Прекрасная пленница
Шрифт:
– Видишь? Вот моя шея! А лица ты никогда не видел – не так ли? То же и с Измаилом. Он показывает руку, шею, лицо же – никогда! А если покажет – ты умрешь.
Она проговорила это с глубоким волнением, помолчала, а затем звонко рассмеялась и, притянула его голову, прижала ее к своей теплой нежной шее. Он, не помня себя, схватил ее в объятия. Но она ловко выскользнула, оттолкнула его и откинулась на диван, поправляя свое покрывало и платье.
– Риккардо! – низким грудным голосом позвала она.
Он не шевелился. Он боялся и ее, и самого себя.
– Риккардо! Мой мальчик! Мой дорогой! Иди сюда! Ближе! Совсем близко!
Его влекло
– Риккардо!
Руки ее обвили его шею, когда он опустился на колени подле дивана. Кровь бросилась ему в голову, в ушах звенело.

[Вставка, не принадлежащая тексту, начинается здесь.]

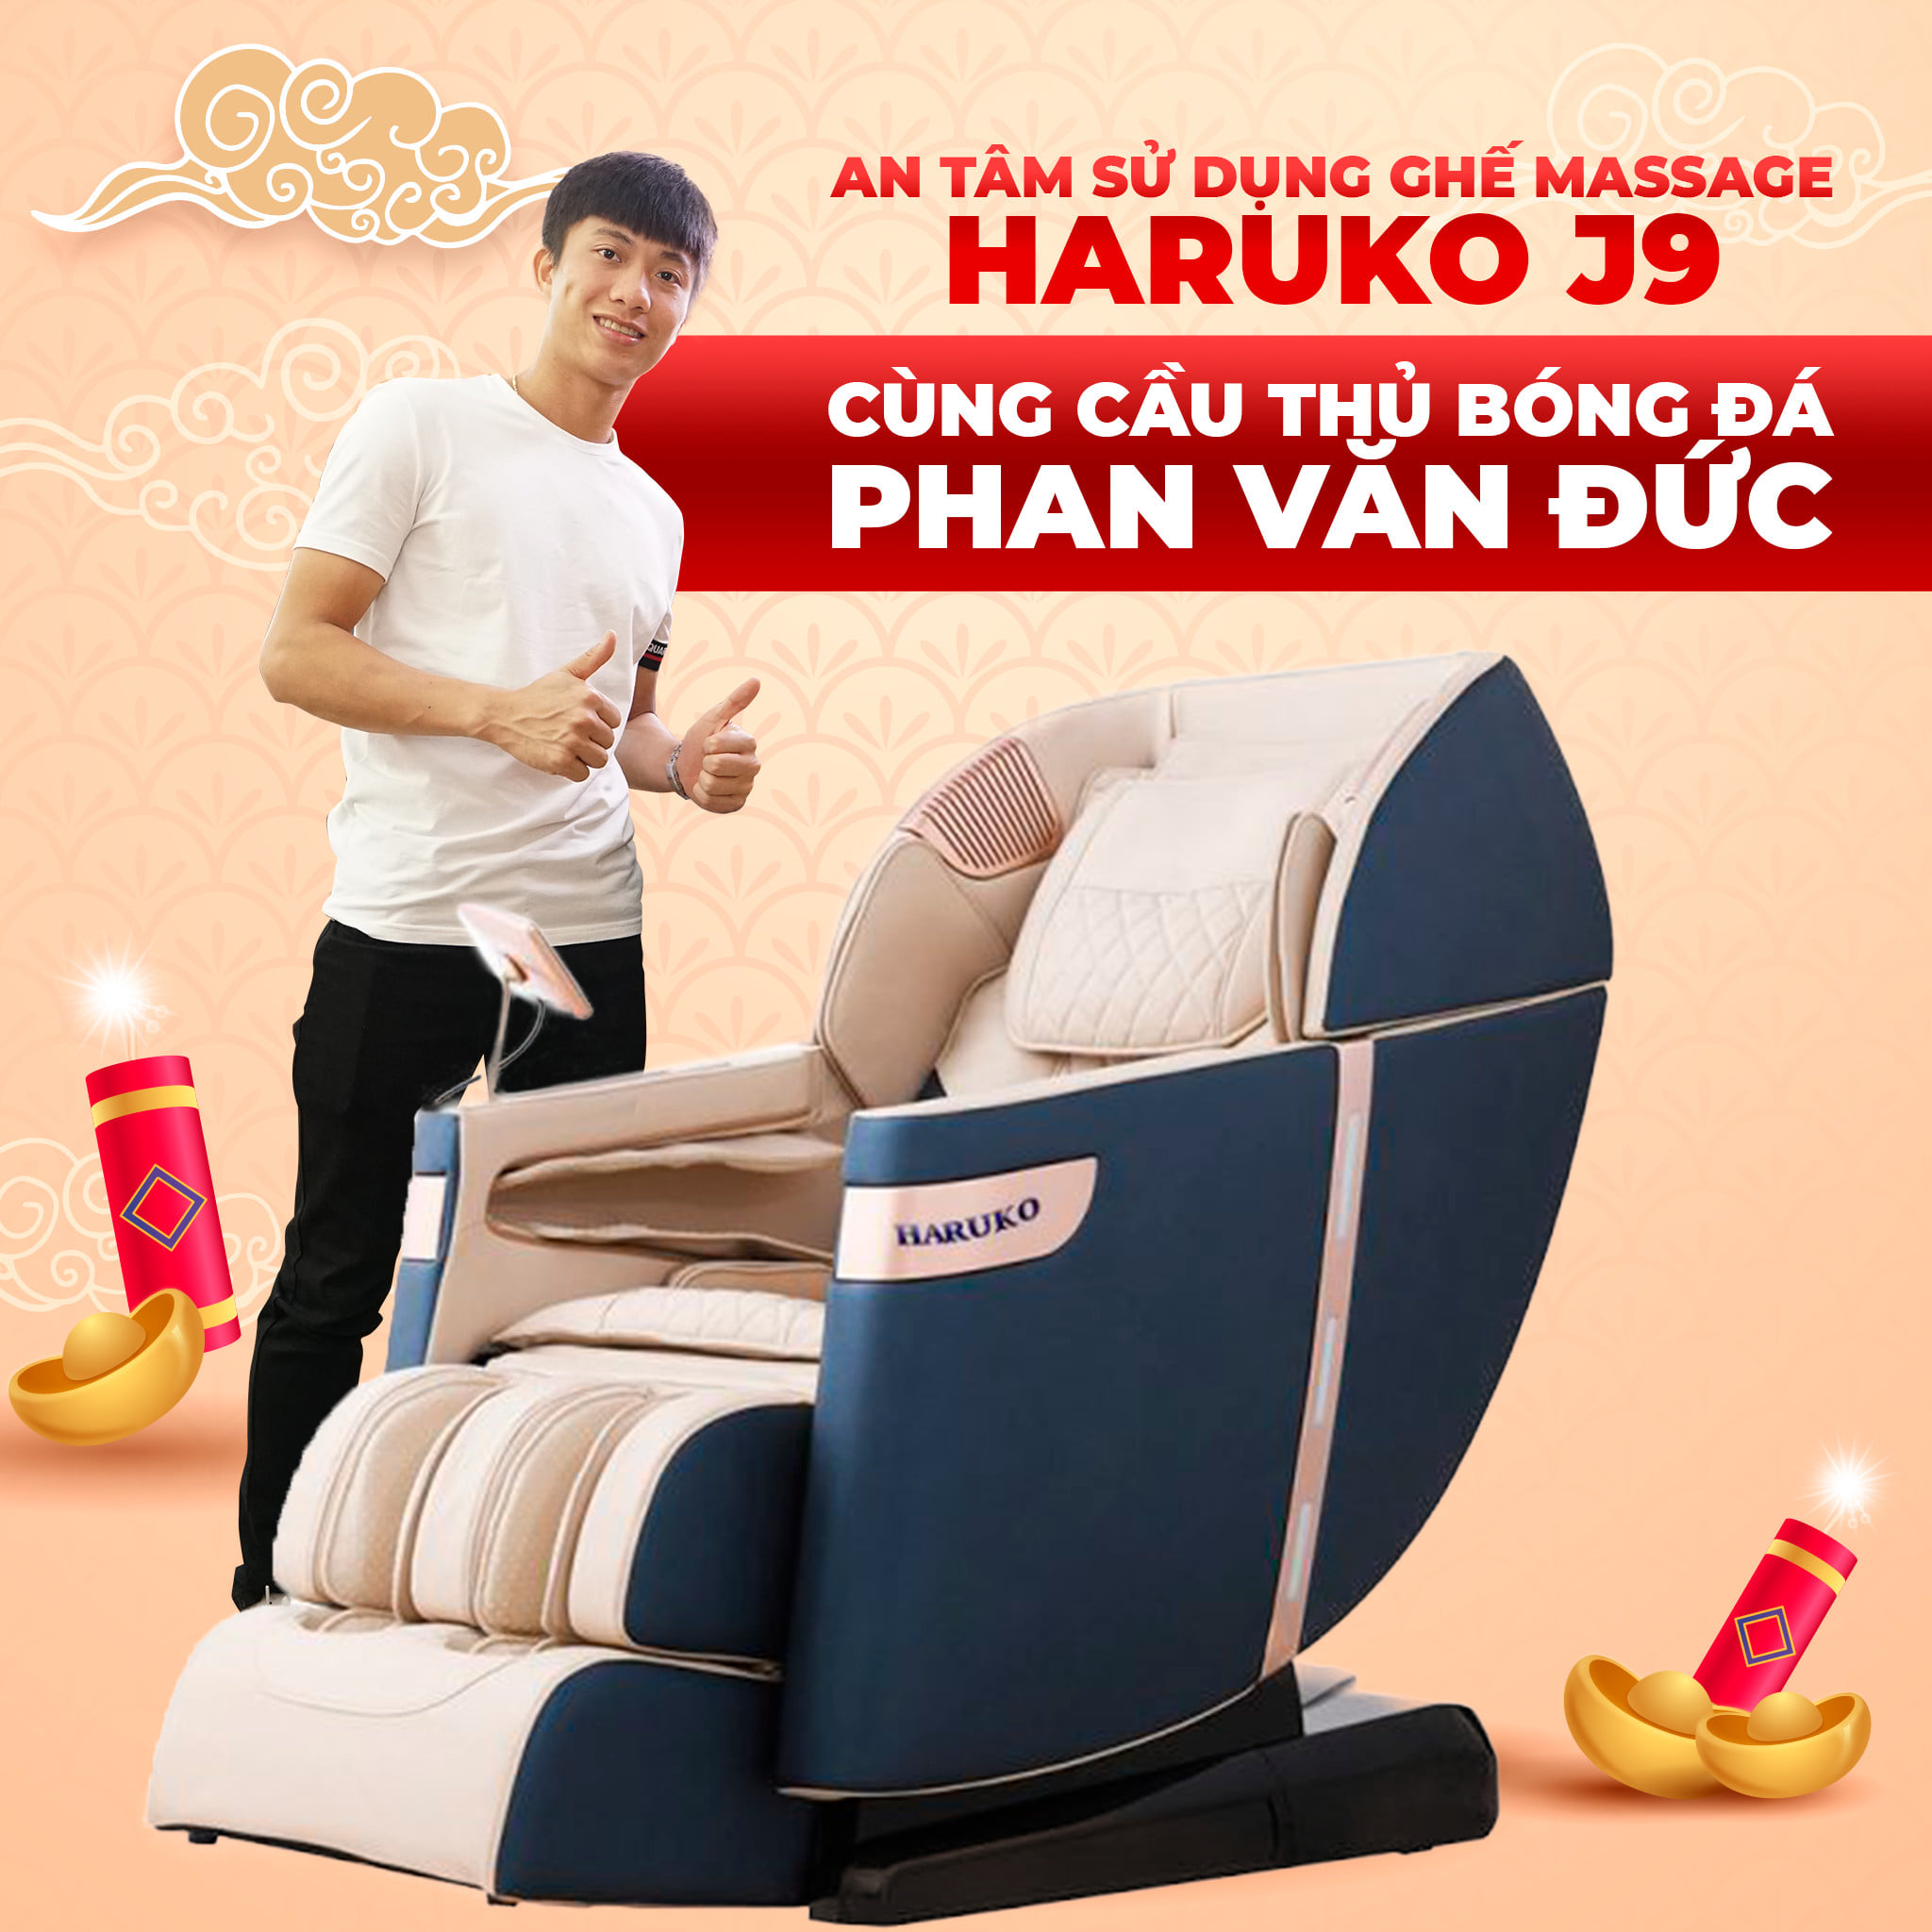 Ghế massage Haruko-J9 là mẫu sản phẩm cao cấp sở hữu nhiều chức năng đa dạng

– Ты еще любишь меня немножко? – шептала она ему на ухо. – Ты не забыл?
– Это ты не любишь, раз не хочешь помочь…
– Потому-то и не хочу, что люблю, глупый! Ты – дитя! Капризное дитя, которое ни за что не хочет уступить! В таком пустяке! Я сделаю тебя богатым! Самым богатым в регентстве! И ты будешь любим, как никто в регентстве! А какие драгоценности ты станешь дарить мне! Черные жемчуга в память темных ночей, как жемчужины бесценных. И никто не узнает, откуда у тебя деньги. Он не выдаст никогда. Он – мудрый.
– Я не хочу денег, добытых таким путем. Я не продаюсь.
– Ребячество! – В ее голосе были почти материнские нотки. – Во имя чего ты это делаешь? Бредни! А мы боремся за вполне реальное, за нашу свободу!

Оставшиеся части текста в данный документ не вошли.